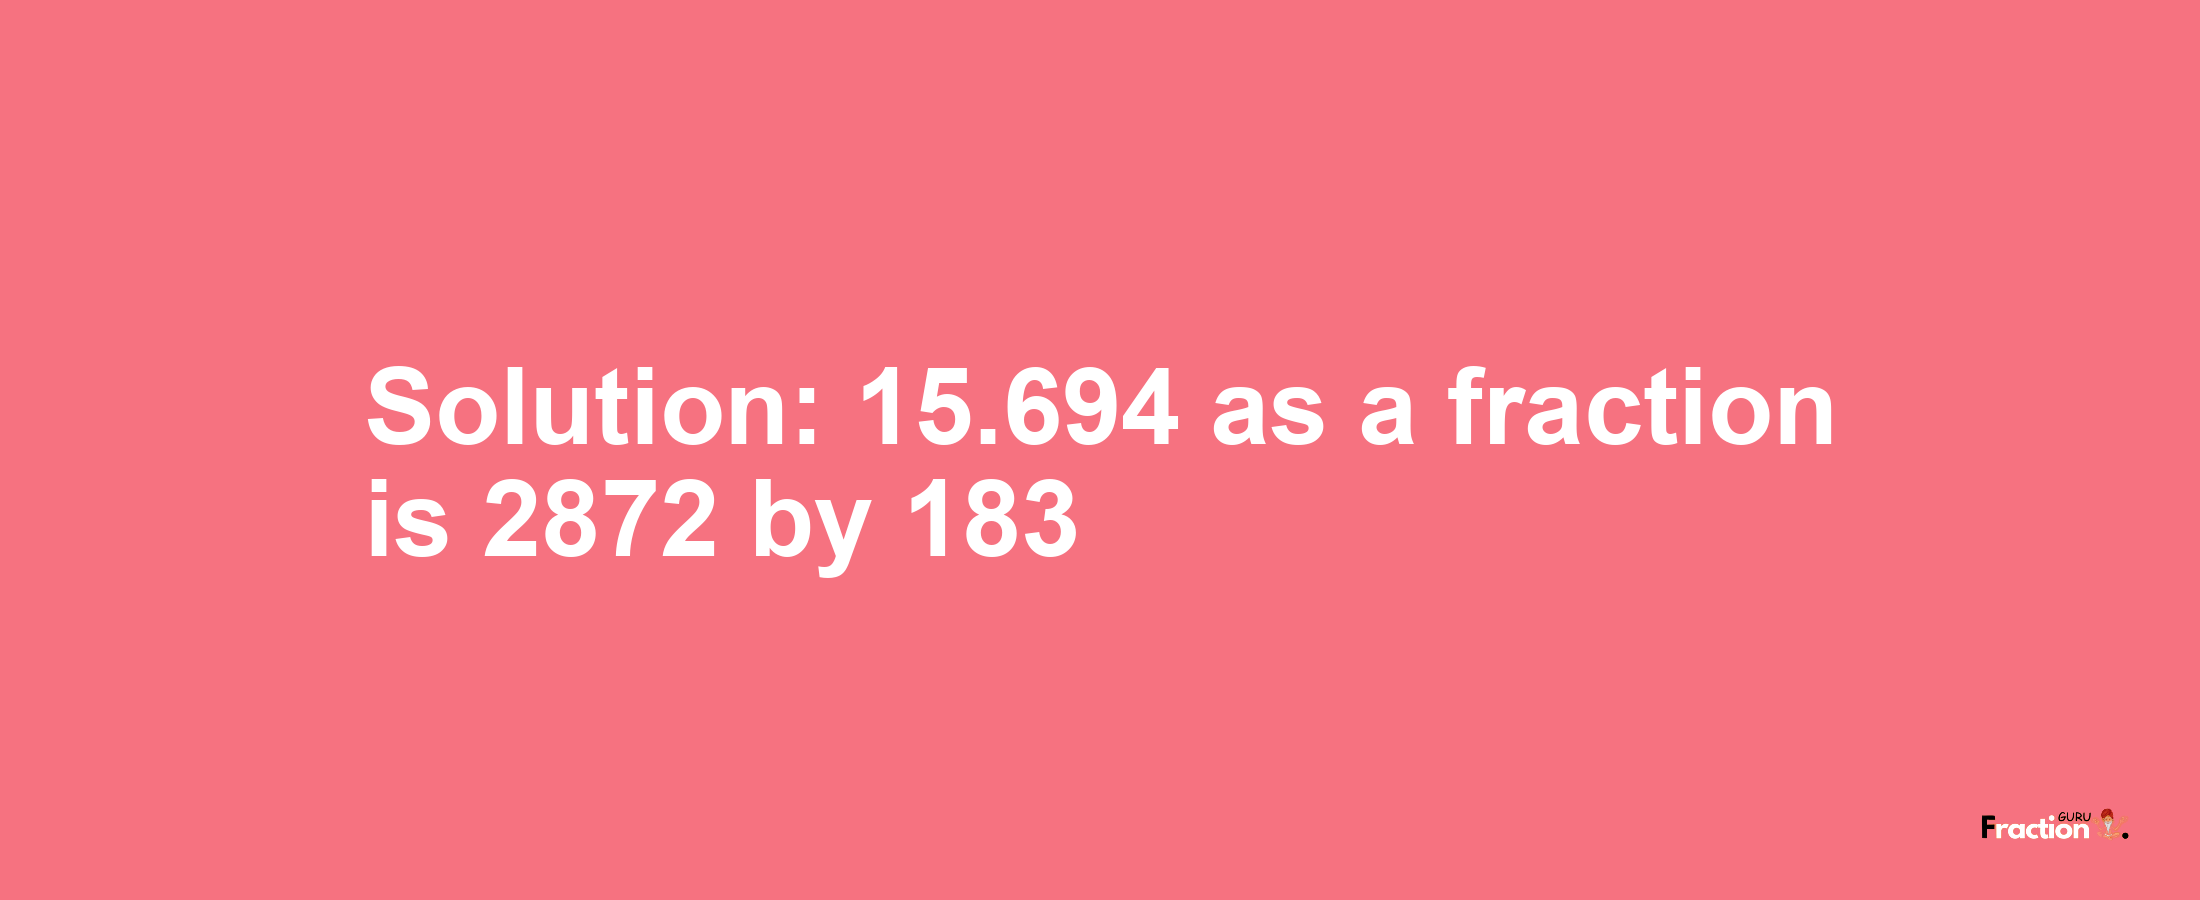 Solution:15.694 as a fraction is 2872/183
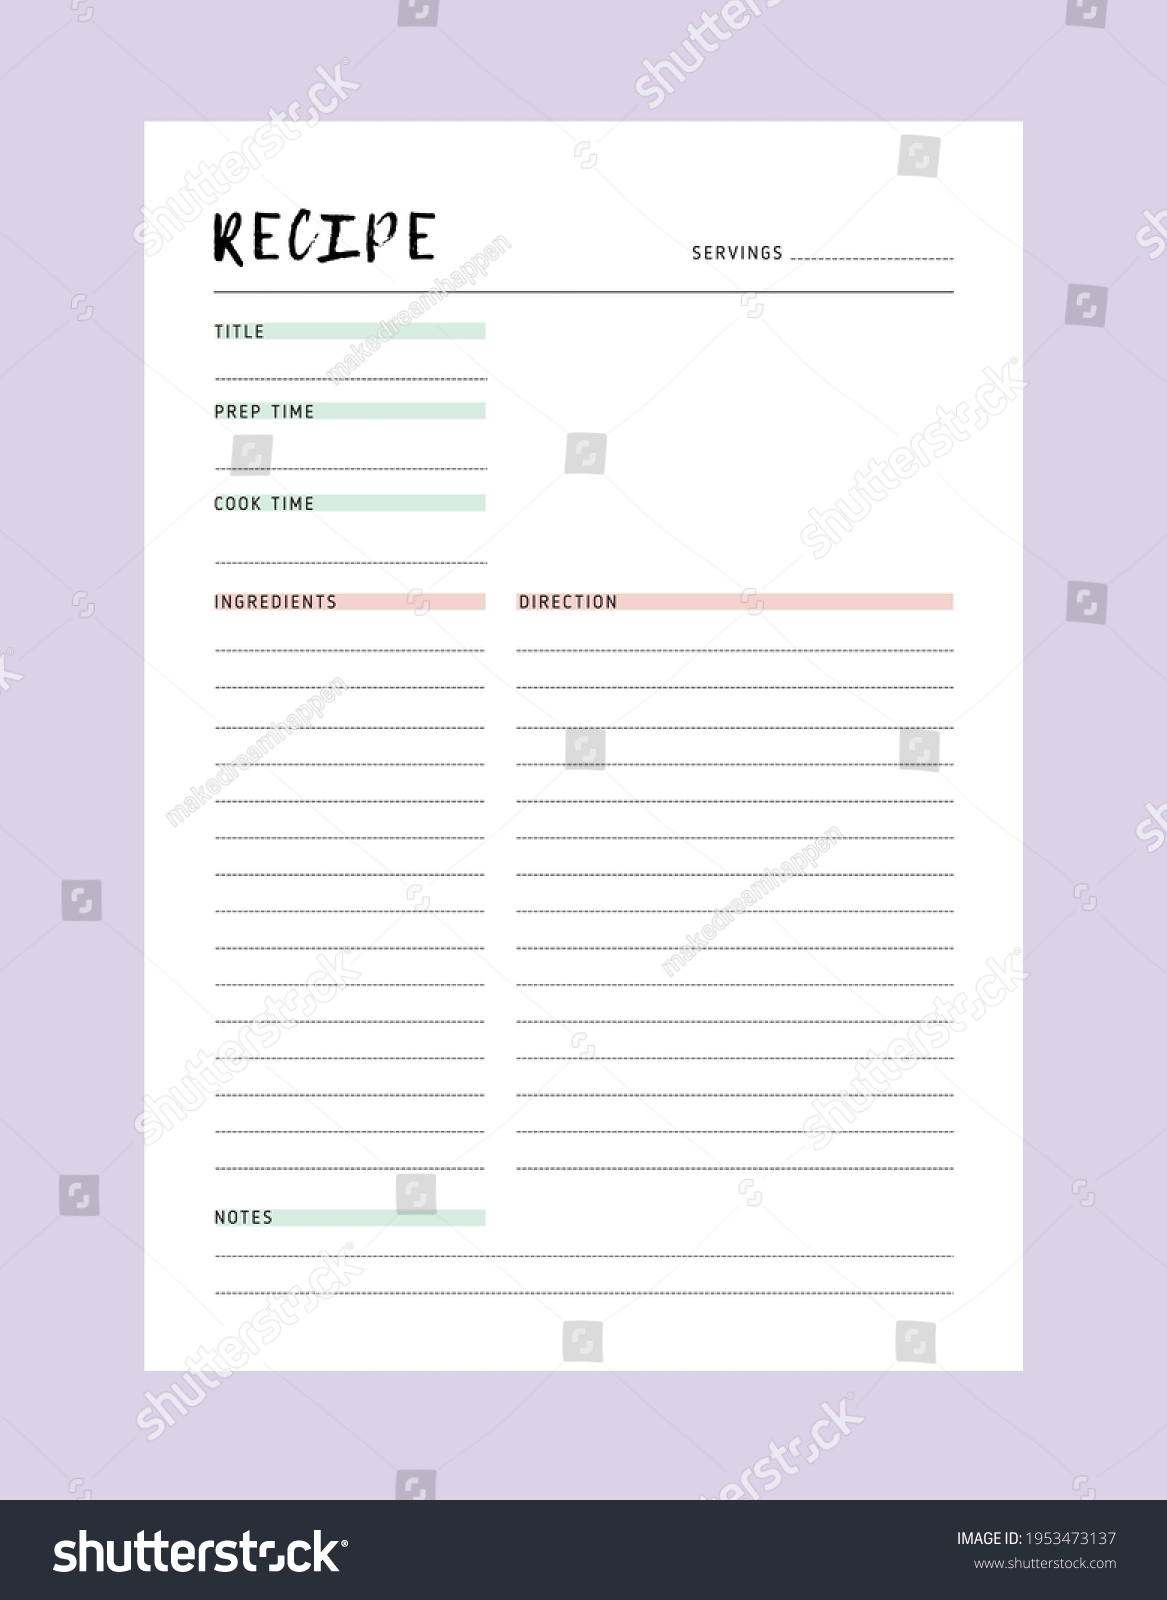 Recipe Card Meal Planner Printable Template Stock Vector (Royalty Free ...
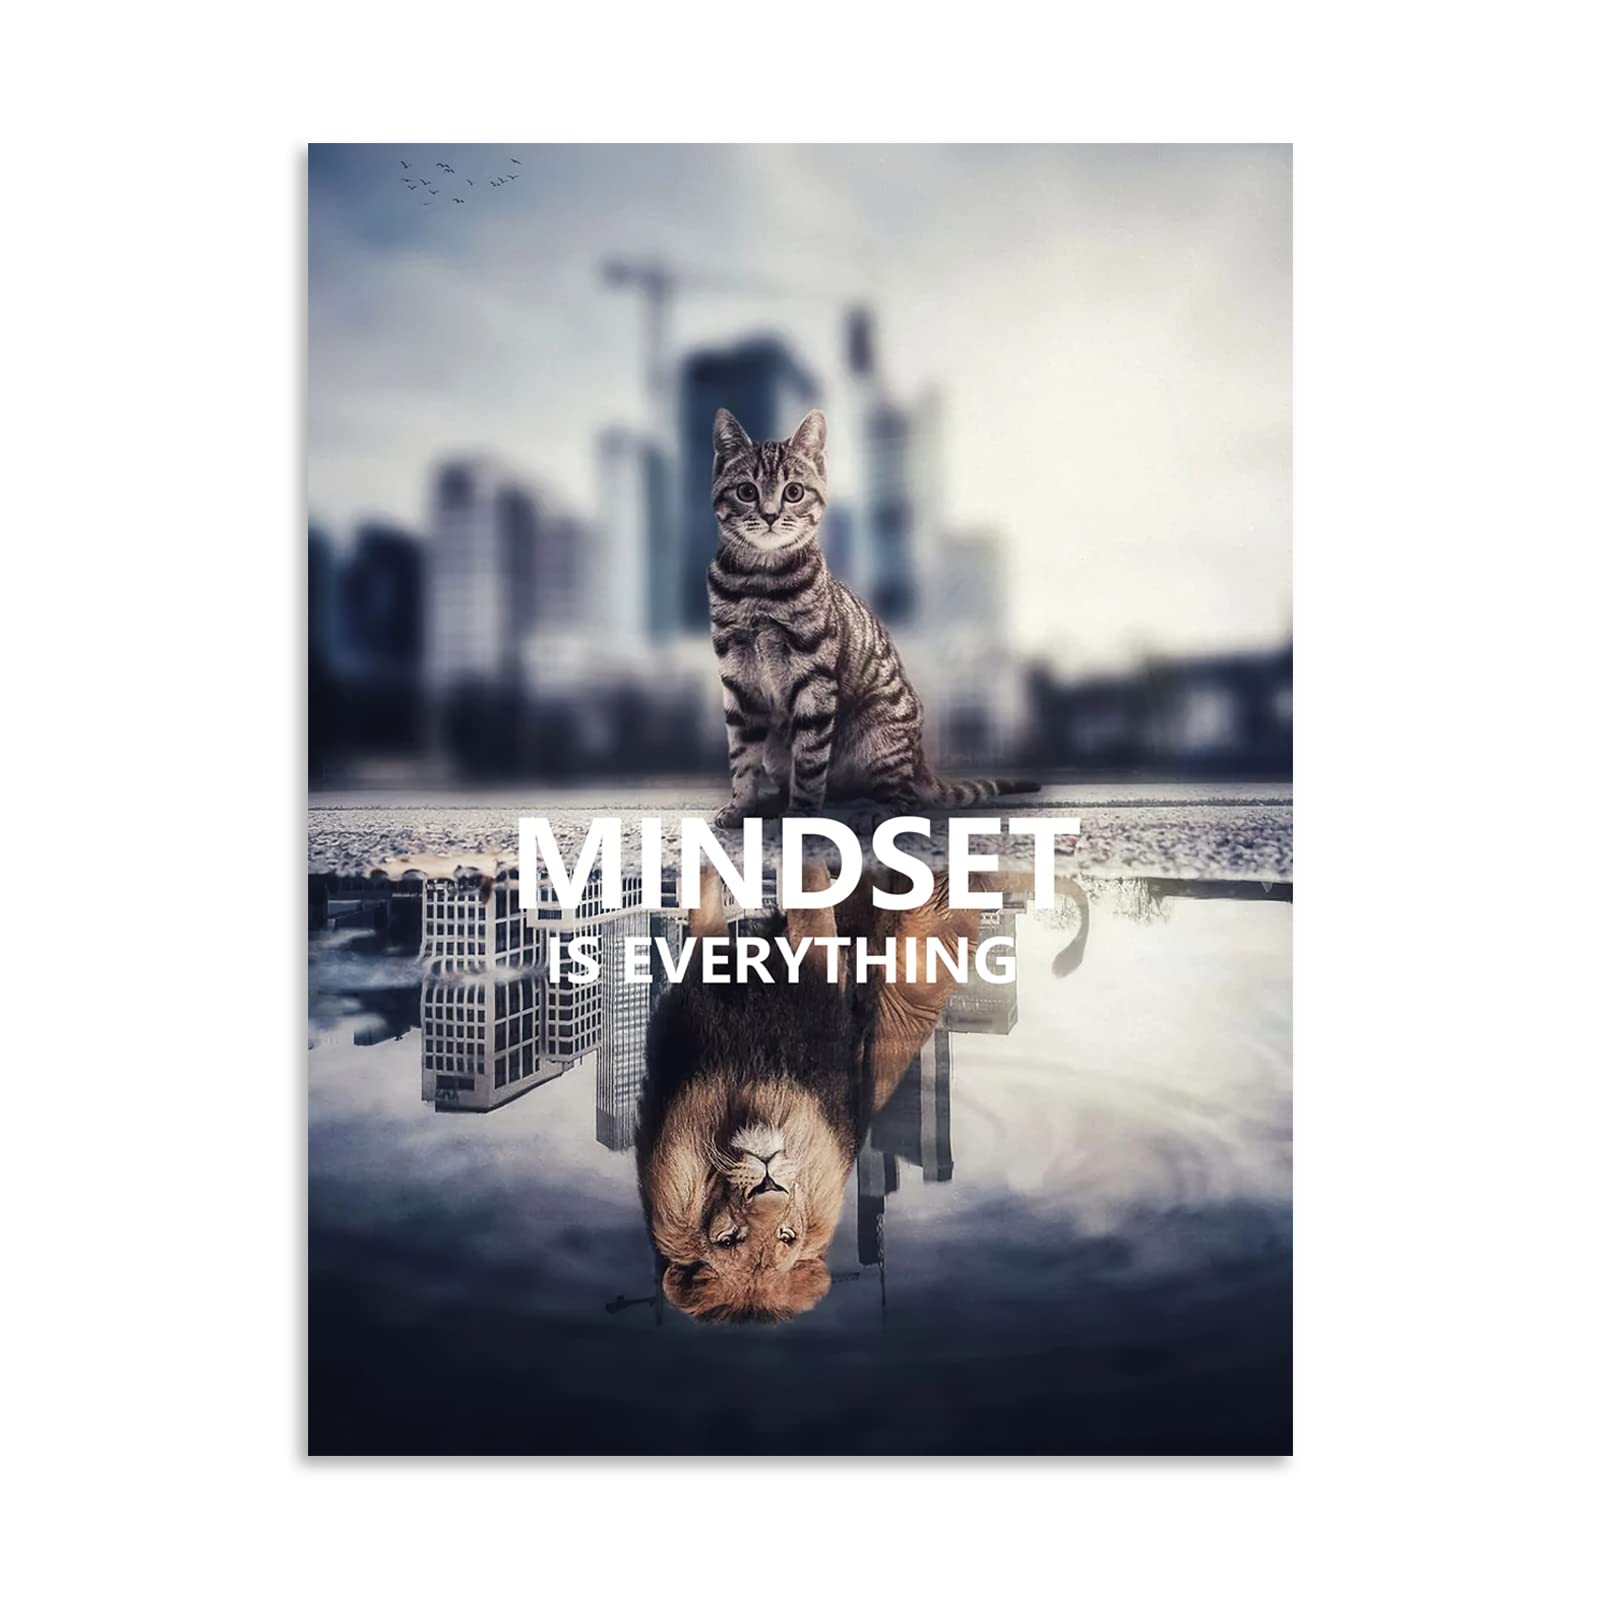 Inspirational Wall Art Cute Animal Cat Lion Poster Painting Mindset is Everything Inspiring Print Artwork Picture Wooden Living Room Office Home Decoration Picture Frame Ready to Hang[18 W x 24 H]

•••••

WORK ITEM: Extract, word for word, every line from the one holding "Recipe Card Meal" through the closing line of the data above. Do not include any pictures.

RESPONSE AREA:
 Recipe Card Meal Planner Printable Template Stock Vector (Royalty Free ...
 Inspirational Wall Art Cute Animal Cat Lion Poster Painting Mindset is Everything Inspiring Print Artwork Picture Wooden Living Room Office Home Decoration Picture Frame Ready to Hang[18 W x 24 H]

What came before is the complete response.